Want to join the conversation?
- why we haven't done anything about (x-1) at4:15(1 vote)
- we do not concern ourselves with (x-1) since the root we get from that part of the expression is 1. The questions explicitly states cube root of 1 which is NOT equal to 1.(3 votes)
- what is probability defination explain(1 vote)
- How do we know that r1, r2, an dr3 are not the same i.e. why is sal taking the three numbers that are obtained upon rolling the die to be different? i think it is possible that the same number could appear more than once when we roll a die three times(1 vote)

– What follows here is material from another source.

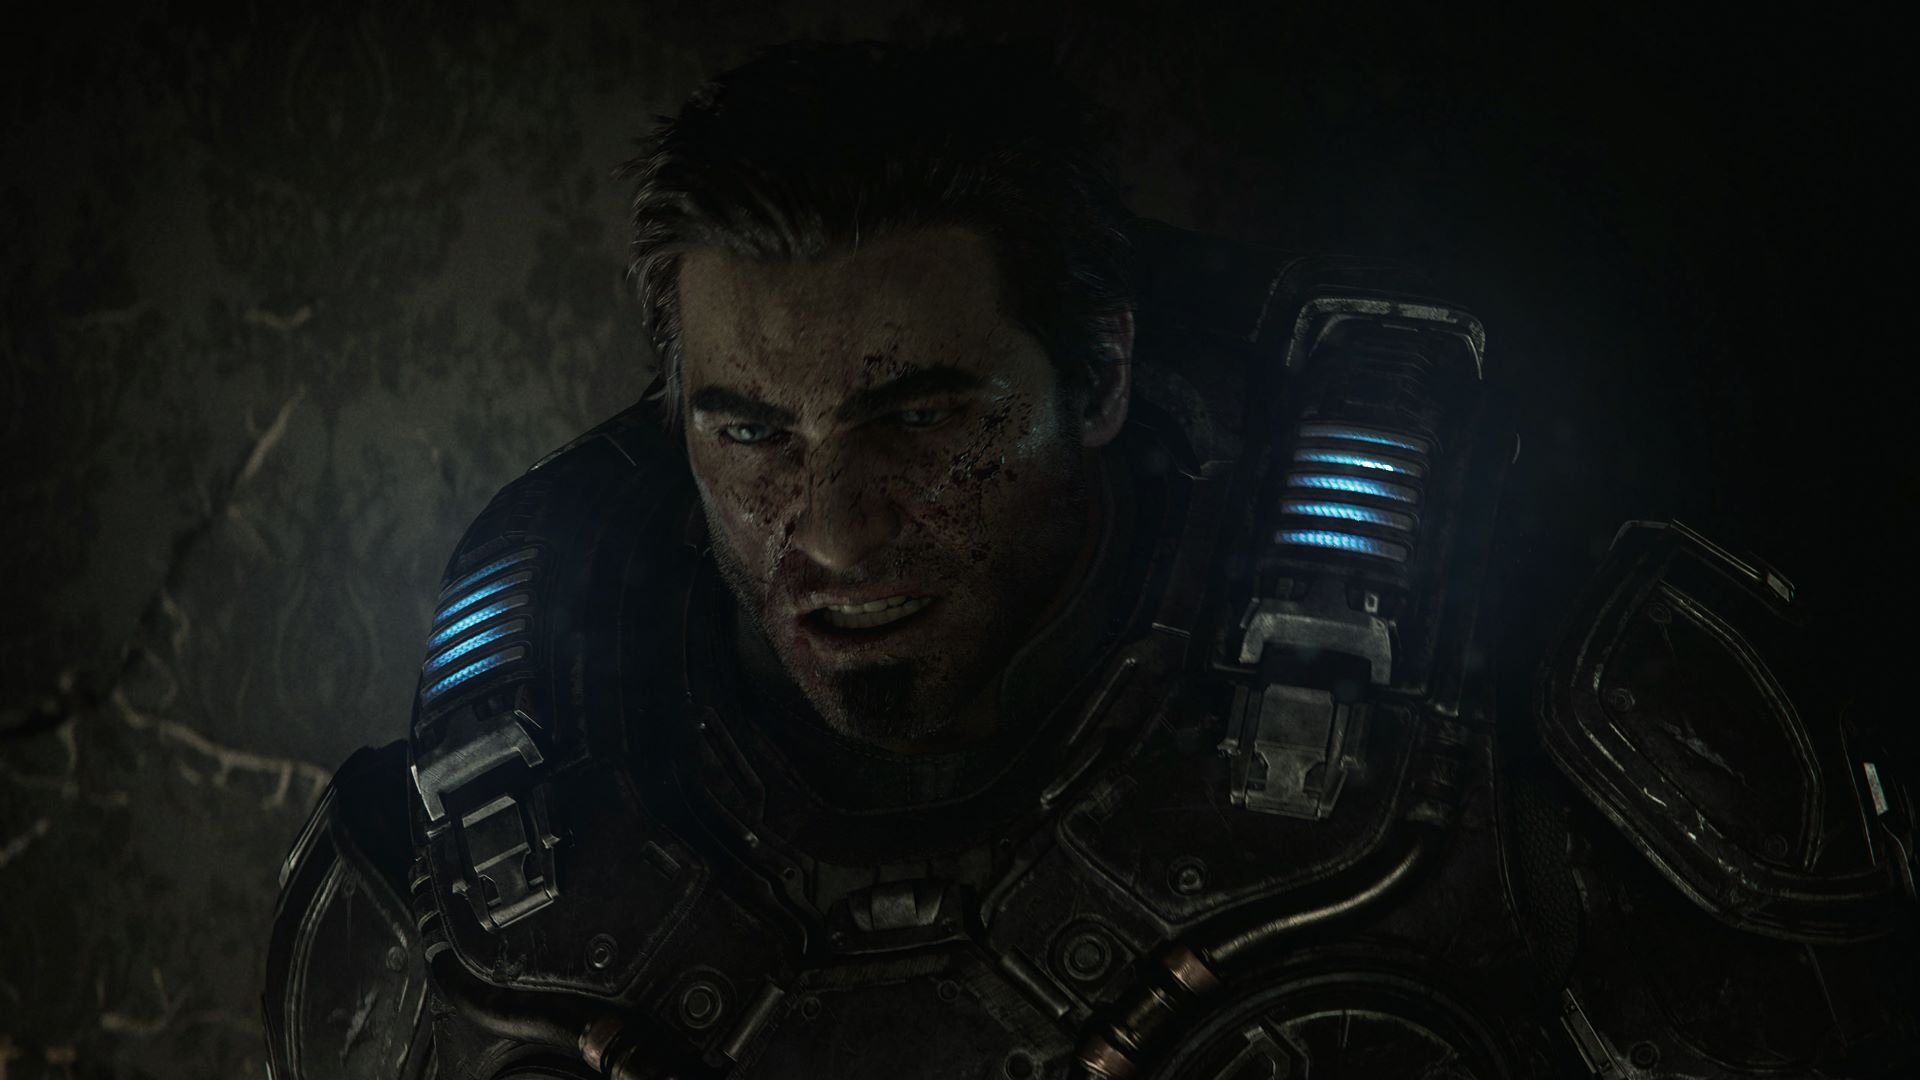 صورت خونین مارکوس فینیکس، قهرمان سری گرز آو وار در بازی Gears of War: E-Day استودیو کوالیشن شرکت Microsoft

- he says omega should not be = to 1 but he puts x=1 as a root which says it is wrong because omega should not be = to 1. Please correct me.(0 votes)
- omega is the complex root, it can't be real , however the equation x^3 - 1 = 0 has three roots viz. w, w^2 , 1, thus 1 satisfies the equation also but is not a complex root.
Hope this solves your doubt(2 votes)
- 1) x-1=0 and mathematics says we can't divide the thing by 0 but here we are able to divide. what is correct.
2) you have wriiten w=x but in question it is given that w<>1 so how can we say w=x?(0 votes) - At10:40, couldn't Sal just say that omega^3 =1 as we started by saying that omega is the cube root of 1?(0 votes)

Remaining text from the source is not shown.